Now there are several state and national plans that aim to help reform and support the childcare industry. The new state budget includes $1.4 billion for cost stabilization and childcare center support effort. President Joe Biden’s Build Back Better plan also has support for families seeking childcare. 

And an eight-bill package passed by the Michigan House this month reforms Michigan’s childcare system by helping families in seeking care, as well as providing assistance to in-home childcare providers, specifically. 

Rep. Kelly Breen

“This is one of the few glorious moments that we have, where everybody’s kind of on the same page,” said state Rep. Kelly Breen (D-Novi), who sponsored one of the bills. “We now realize in the light of this pandemic, that childcare is something that a lot of us working parents have known for a while, is a crisis.”
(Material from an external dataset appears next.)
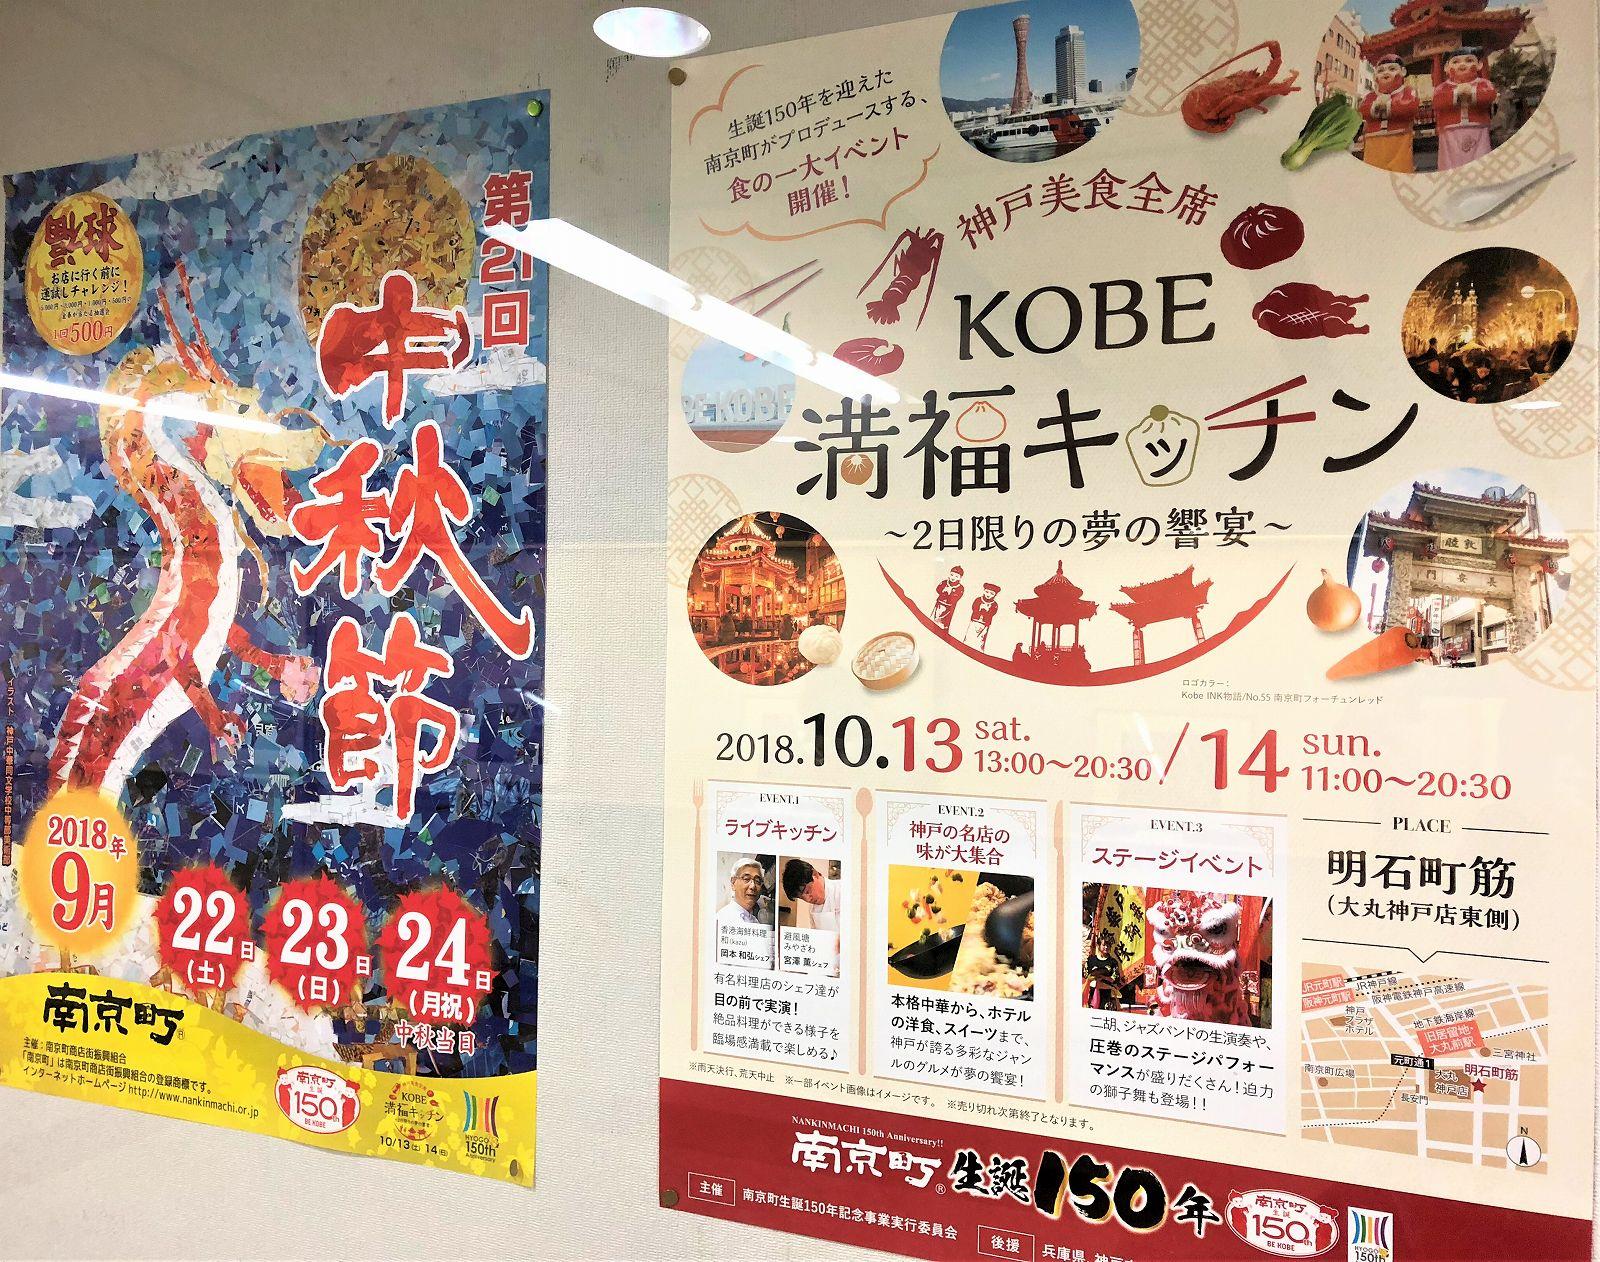 大丸神戸店東側・明石町筋で10月13日と14日に「神戸美食全席 KOBE満福キッチン」が開催されるよ! #KOBE満福キッチン #南京町生誕150年 #神戸観光

Anderson said that childcare centers and in-home daycares “run 100% on parent tuition” and that the state has been in need of childcare reform. The state has 4,457 preschool and child care centers. She said the House bills will finally start to provide relief for in-home childcare providers and bring issues in the childcare industry as a whole to the forefront of lawmakers’ minds. 

“It’s been a long-neglected conversation,” Anderson said. “It’s nice that it’s finally being recognized for the important industry that it is. The funding is definitely long overdue. I’m very hopeful that it goes to the right places to where it really can make a difference for families and mostly for childcare providers.”

Anderson said specific attention is needed when it comes to staffing daycare centers and increasing wages in the industry. About 11.8% of childcare workers’ families live below the poverty line, making them twice as likely to live below the poverty line compared to other workers’ families. According to the Center for the Study of Child Care Employment, the median wage for child care workers in 2019 was $11.13. In 2020, childcare workers made an average of $12.24 per hour according to the U.S. Bureau of Labor Statistics. 

“The hardest thing is staffing,” Anderson said. “There’s a shortage everywhere of people looking for jobs. And this has always been a very hard industry to find people to work in, because it is a very difficult and [are] low paying job. Since the pandemic, it’s been even more difficult to hire people. There’s been a lot of childcare centers that are shutting down.”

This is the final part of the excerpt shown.